There is a character named Rubio that’s a part of Arthur’s gang that gets wounded in one of the smaller confrontations between his men and the bad King Vortigern’s soldiers (Blacklegs). He decides to try to hold the Blacklegs off to buy some time for his friends to climb a wall and escape. I figured it was going to be that stereotypical dramatic death where a friend gives his life for the group to escape, but that’s not at all what happened. You don’t really see what happens but more fighting breaks out and in the corner of the screen you see Rubio fall to the ground. The movie doesn’t even take two seconds to acknowledge the death of a main character, it just moves on and doesn’t look back. Later you see in a brief cutscene that reveals that Rubio is in fact still alive and in the captivity of the King, who is using him to find out information about the whereabouts of Arthur. Eventually, Arthur takes the castle and kills the bad king, but we never find out what happened to Rubio. It just felt like a really poorly written character that either needed to have an accurately acknowledged death or a dramatic moment at the end where his brothers find him alive.

The Good

The music in this film constantly reminded me of a couple other Guy Ritchie films: The Sherlock Holmes movies. I honestly love the way the background music set the tone and intensity of each and every scene. There may have been a couple of points where the music may have come across as obnoxious, but for the most part, it was a very enjoyable soundtrack by Daniel Pemberton.

The acting from our lead characters in this film is flat-out amazing. Charlie Hunnam plays Arthur and I was really impressed with the performance he gave. Arthur was kind of a rugged kid who grew up in a brothel and had to learn how to fight for himself early on in his life. Hunnam did a great job in expressing a wide range of emotion and intensity without sacrificing authenticity. His emotions really felt genuine throughout the entire movie. Jude Law is another guy who gave us a fantastic performance. He played Vortigern, Arthur’s Uncle and the main antagonist that Arthur is trying to kill. His character reminded me a lot of Commodus from Gladiator but while Commodus was a coward, I found Vortigern to be a very strong and complicated villain character. Speaking of Gladiator, Djimon Hounsou played a big role in this movie and gave us a solid performance in his own right. I have always been a fan of Hounsou ever since Gladiator (2000) and Blood Diamond (2006) came out, so it was no surprise that I enjoyed his character in this film.

King Arthur: Legend of the Sword was a very aesthetically pleasing movie overall. The cinematography was beautiful and gave us some very picturesque wide shots of the surrounding landscape. Coupling that with the alluring nature and intricate attention to detail of the set and costume designs, it becomes very easy to find yourself feeling like you are right in the middle of the ancient English landscape.

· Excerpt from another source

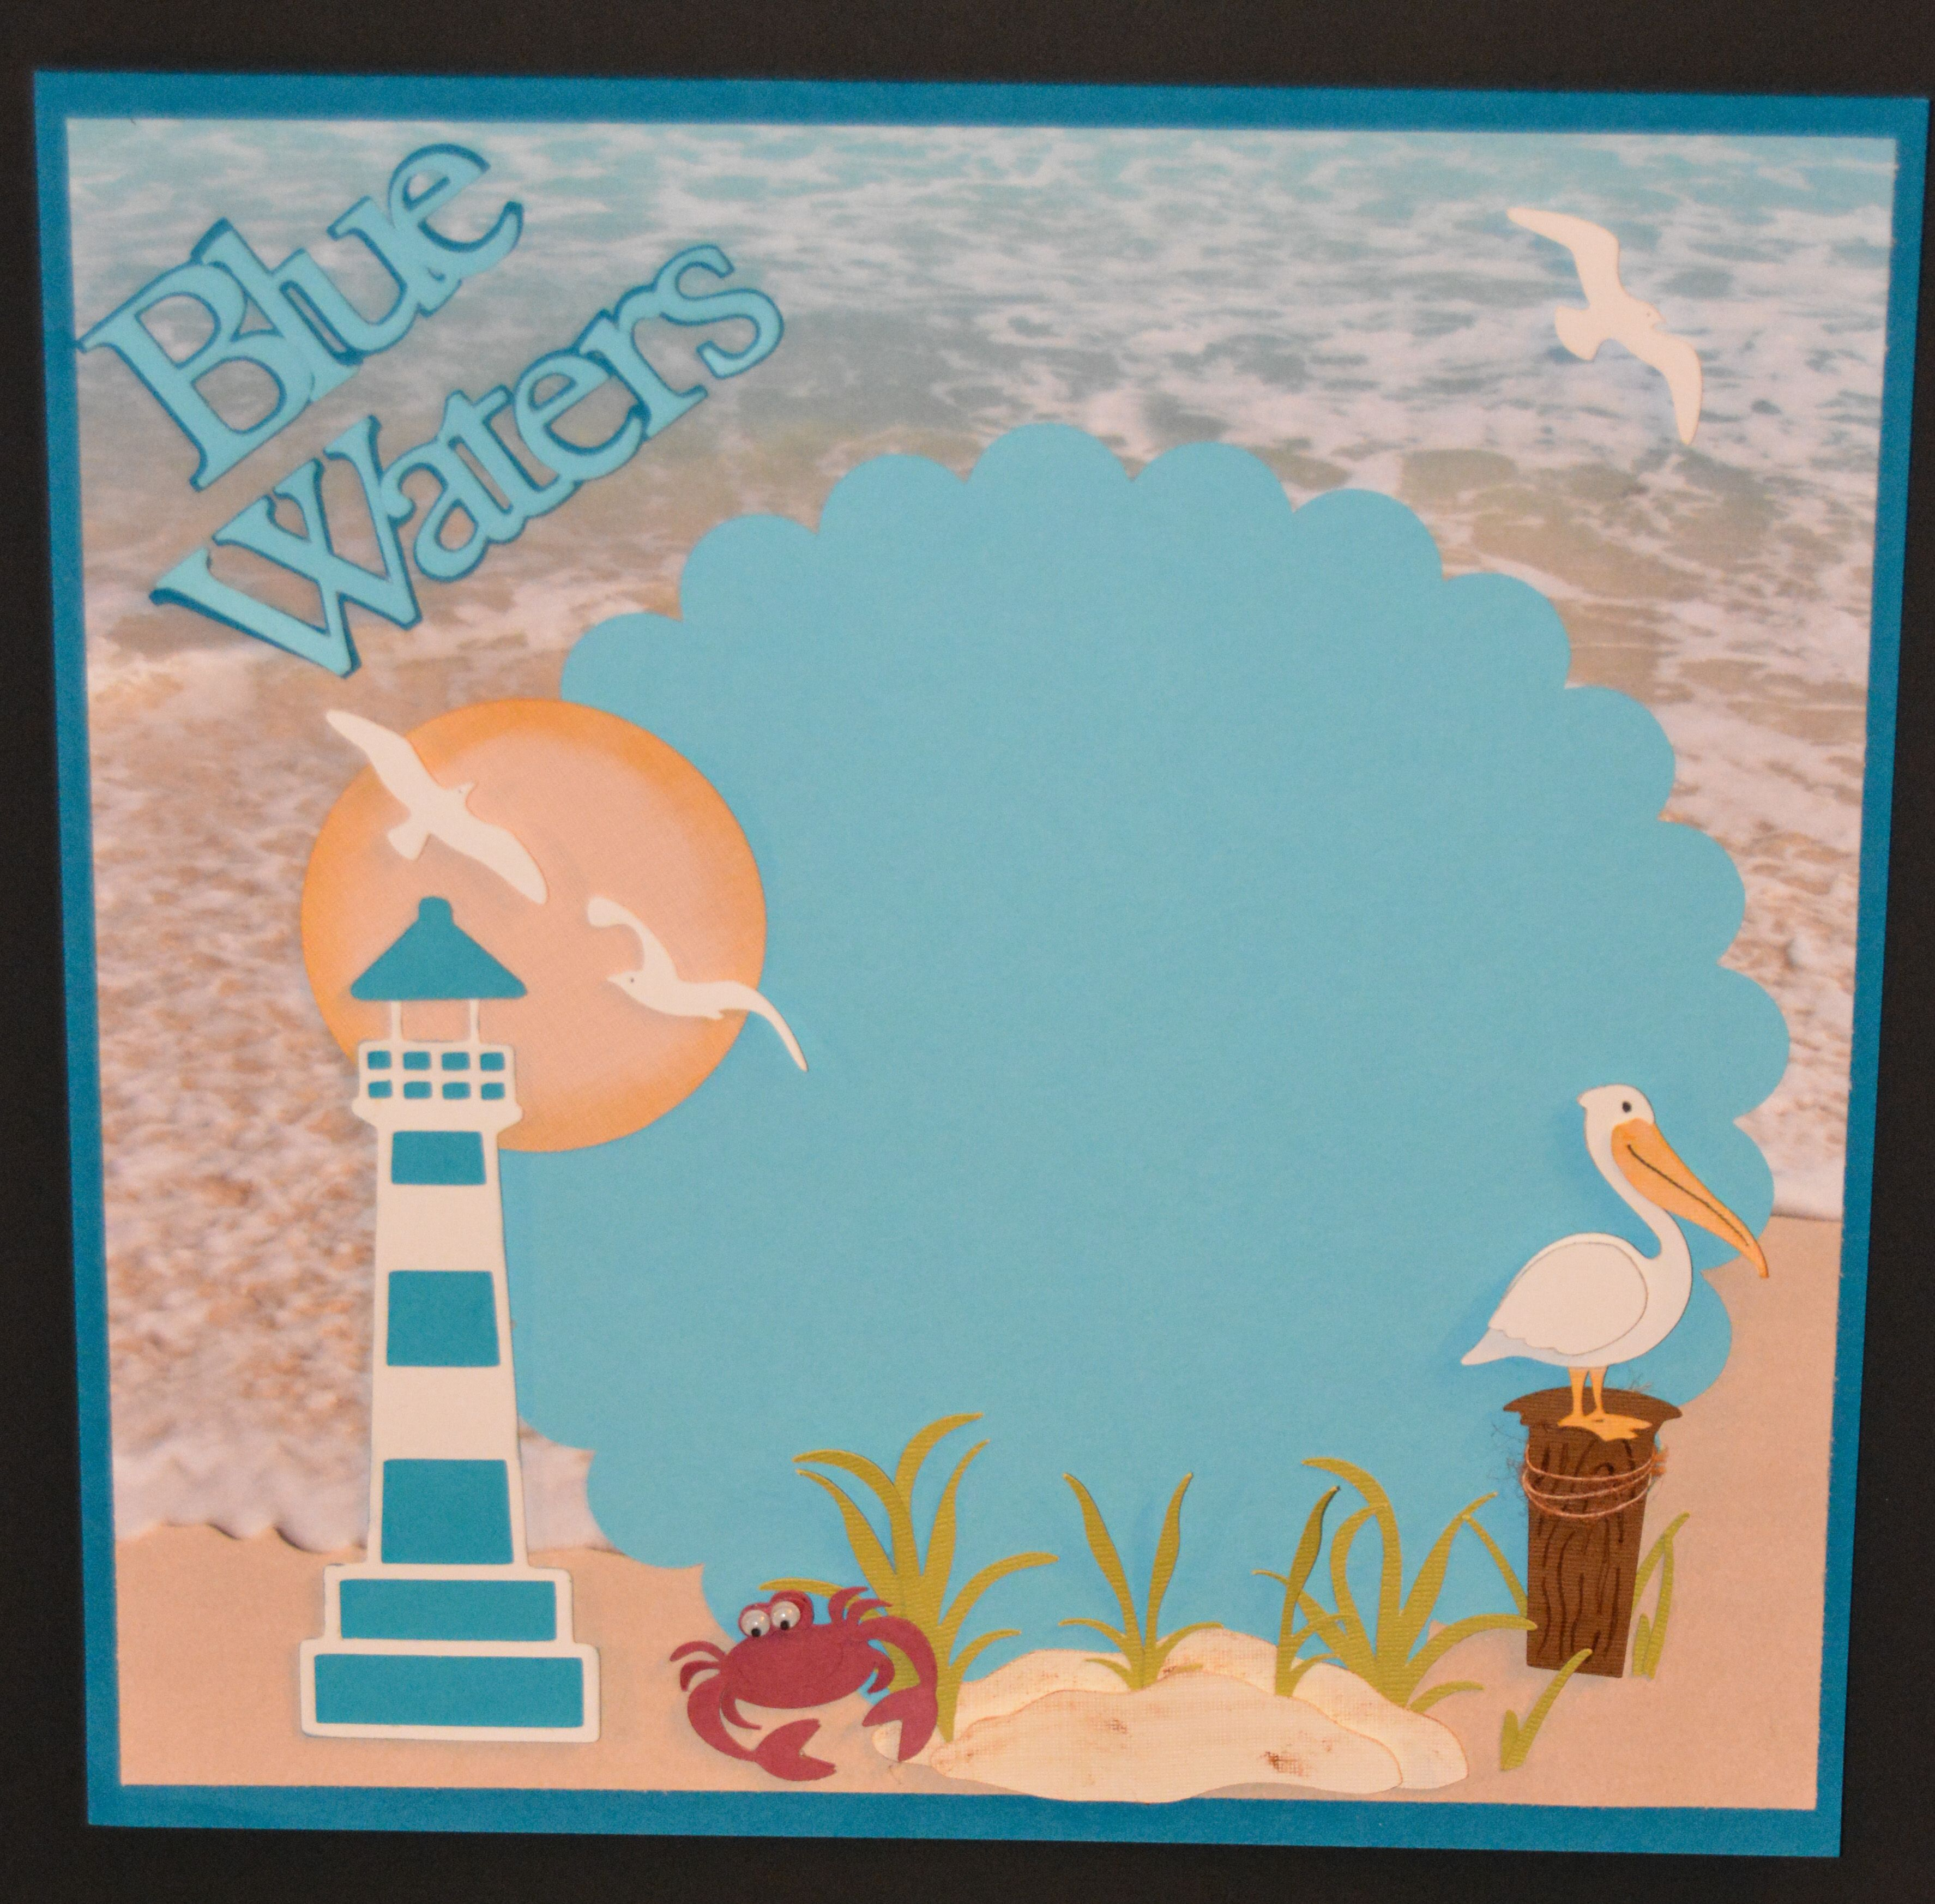 Scrapbook ideas list - Bucket List Item Seeing Blue Waters Used Cricut Life S A Beach Cartridge Bucket Listsscrapbook Layoutszoobucketscricut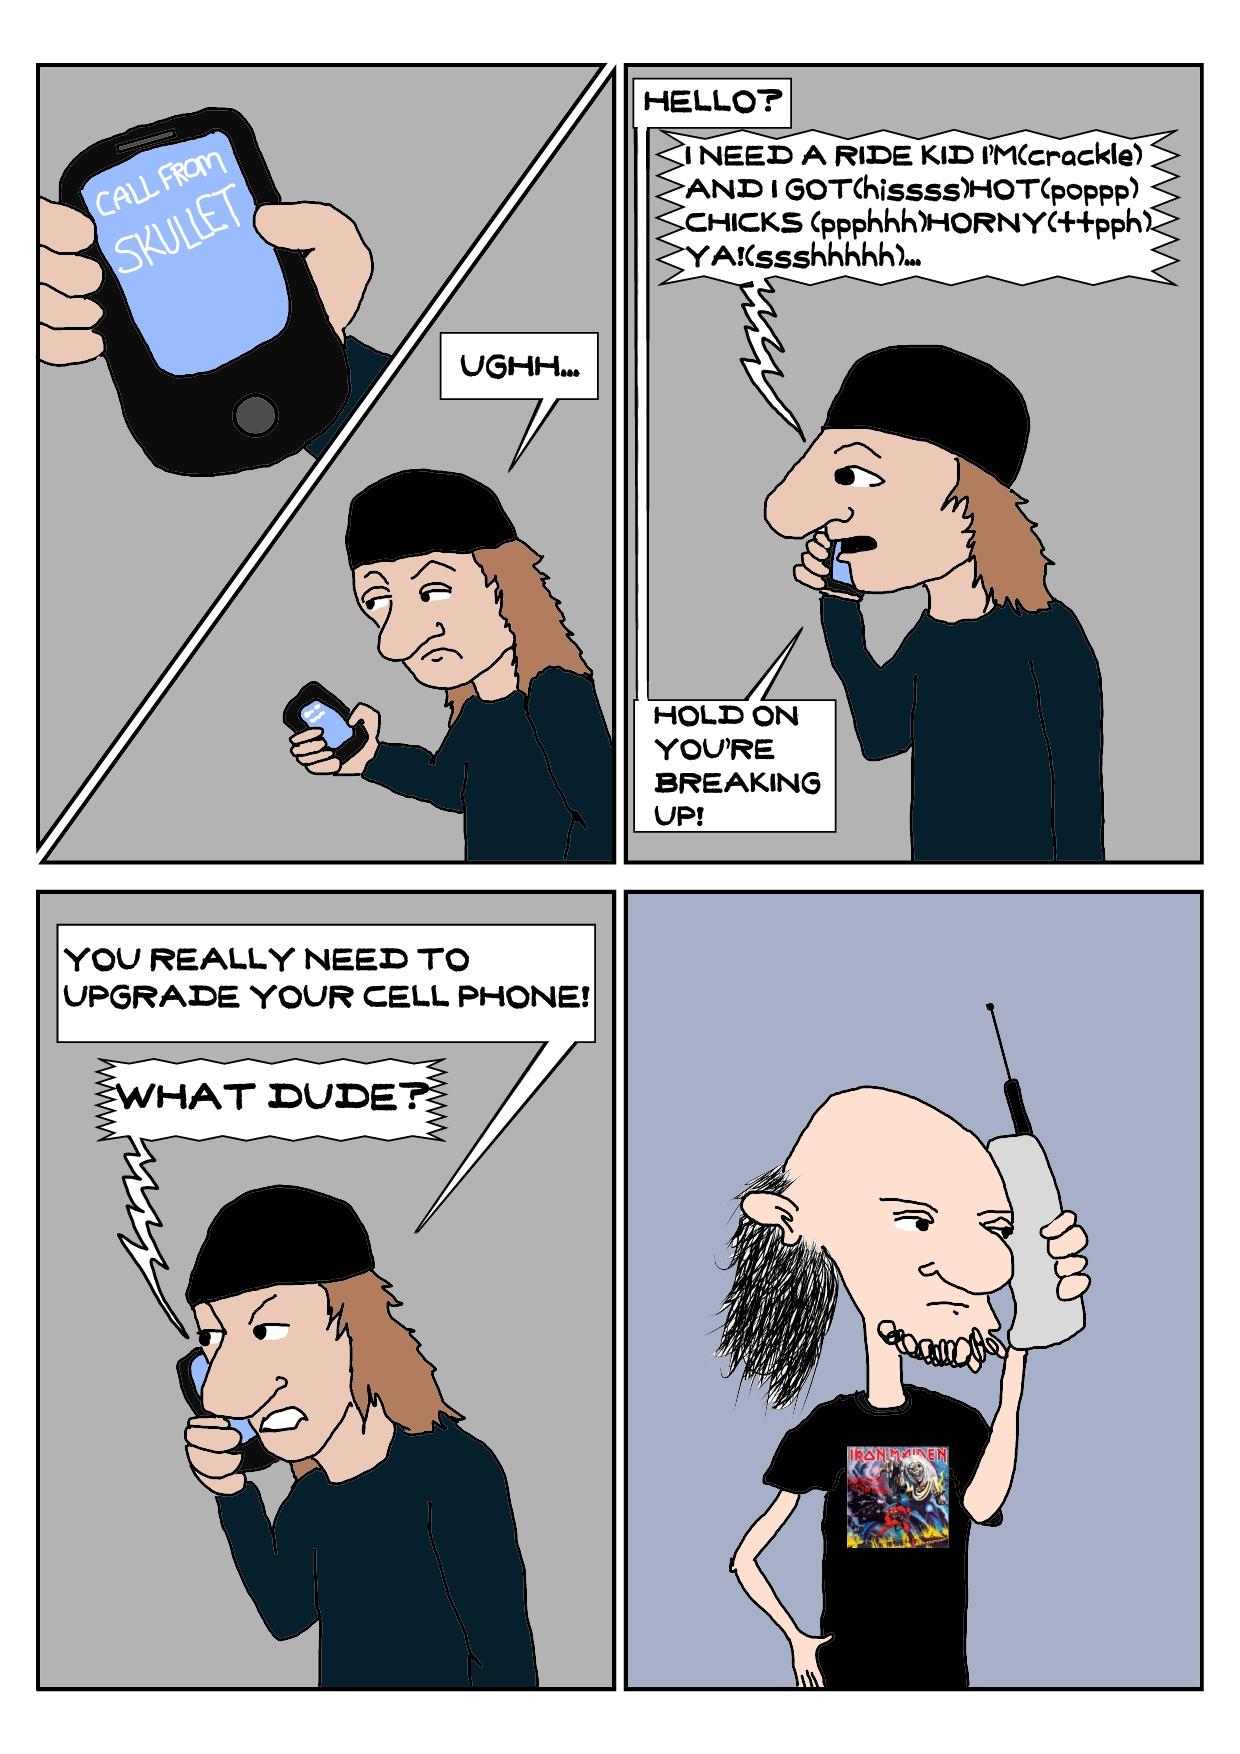 Skullet-Cell Phone

Some of the fight scenes in this film have a video game type feel to them that came across as very unique to me. The final duel was particularly unique and well done. It felt like a perfect way to wrap up the relationship between Vortigern and Arthur.

The Rating

There is a lot of violence in this movie but none of it is very graphic. That being said, I did think the feel is very dark from time to time and I would not qualify King Arthur: Legend of the Sword as a family movie in any way, shape or form. It is a very enjoyable film for the right audience. I personally enjoyed it quite a bit more than I expected and I really hope that they release an extended edition on Blu-Ray to give a little better depiction to a couple of the more condensed plot points.